From 1992 to 2022, the OSCE Minsk Group, established under the guise of resolving the former Garabagh conflict, became a textbook example of three decades of inactivity. To speak of the “importance” of this body is to credit an invisible virtue that never truly existed, neither in terms of national interests nor historical justice.

After the Bishkek Protocol of May 1994, signed at the end of the First Garabagh War, the Minsk Group’s first so-called success was to help secure a ceasefire, but only with Russia’s mediation. This appeared significant on the surface, yet a closer look at the battlefield dynamics reveals otherwise. By early 1994, Azerbaijan’s military operation towards Horadiz was already turning the tide. Signals were even being sent to Yerevan, and thence to the Kremlin, that withdrawal from the occupied territories might be unavoidable. Alarmed, Russia intervened immediately, ensuring that by May the OSCE Minsk Group was pressing for a ceasefire. In other words, it froze the conflict precisely at the moment when Azerbaijan was poised to reclaim its lands.

In 1997, the United States, and most importantly, Russia and France were appointed as the group’s permanent co-chairs, a composition that remained unchanged until its collapse. Considering France’s openly partisan support for Armenia, the arrangement resembled “one lamb and two wolves”. Over the years, the Group shifted from any meaningful mediation to a deliberate strategy of prolongation. From the 2000s onwards, it offered no workable peace plan but instead sought to lock the conflict into indefinite stalemate, subtly encouraging Azerbaijan to accept the loss of its occupied lands.

These manipulative tactics were reinforced through endless shuttle diplomacy, where empty visits were designed to drag out the process or turn solvable issues into unsolvable ones.

In 2016, during the April clashes, the Minsk Group indirectly once again played the same role it had in 1994, attempting, under Moscow’s pressure, to halt Azerbaijan’s successful counter-offensive. By then, the organisation had already been stripped of credibility, acting in practice as a shield for the aggressor. If one were to speak with biting irony, one might call its performance “effective”, but only in serving Armenia’s interests.

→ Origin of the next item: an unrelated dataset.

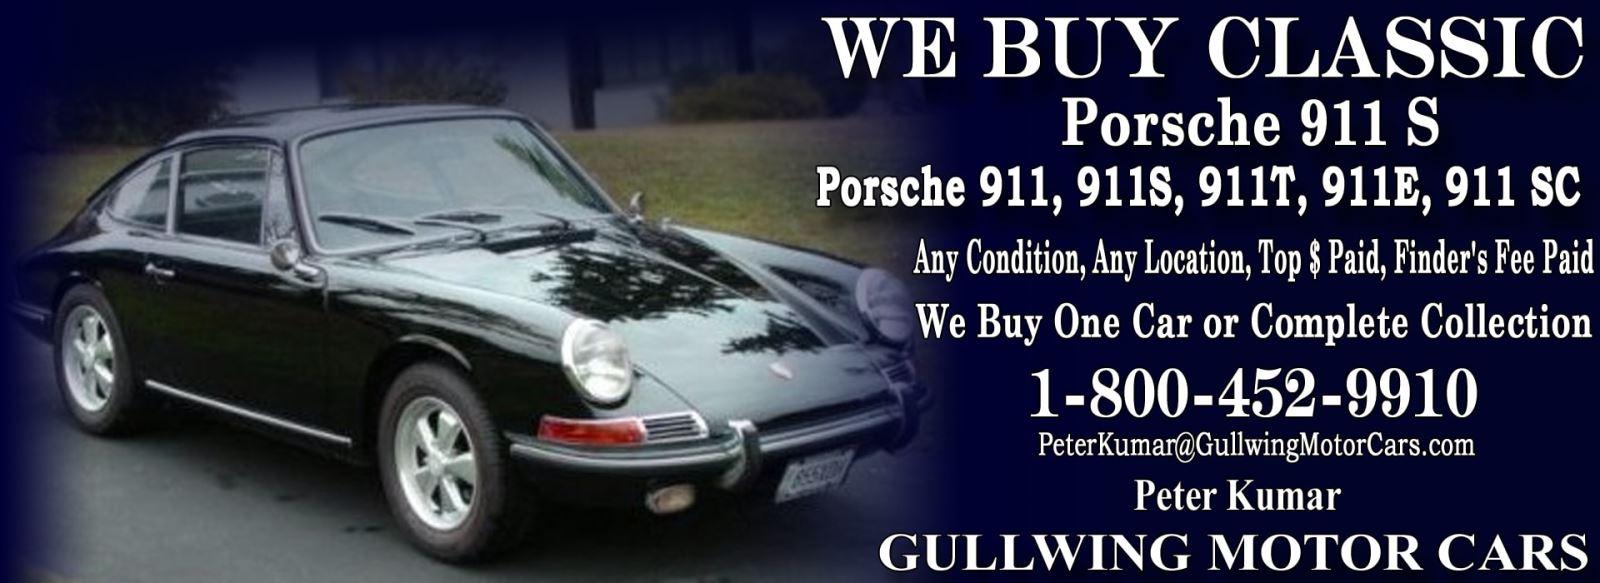 Classic Porsche 911S for sale, we buy vintage Porsche 911S. Call Peter Kumar. Gullwing Motor

By 2022, the Minsk Group was dead in all but name. With Russia embroiled in its war against Ukraine, its role as a co-chair evaporated, rendering the group redundant not only for Azerbaijan but eventually for Armenia as well. The direct negotiations launched between Baku and Yerevan in 2024, followed by the successful meetings in Abu Dhabi and Washington in 2025, hammered the final nail into its coffin.

However, still, some voices continue to protest. The Armenian National Committee of America (ANCA) lobby and a handful of opposition factions in Yerevan bewail the demise of the Minsk Group as a “threat”. They appear to believe that artificial resuscitation of this defunct body could somehow work miracles for them. Yet the Minsk Group, a hollow template incapable of standing upright, exerts no influence in life and none in death. It is nothing more than a withered thornbush obstructing peace between the two countries.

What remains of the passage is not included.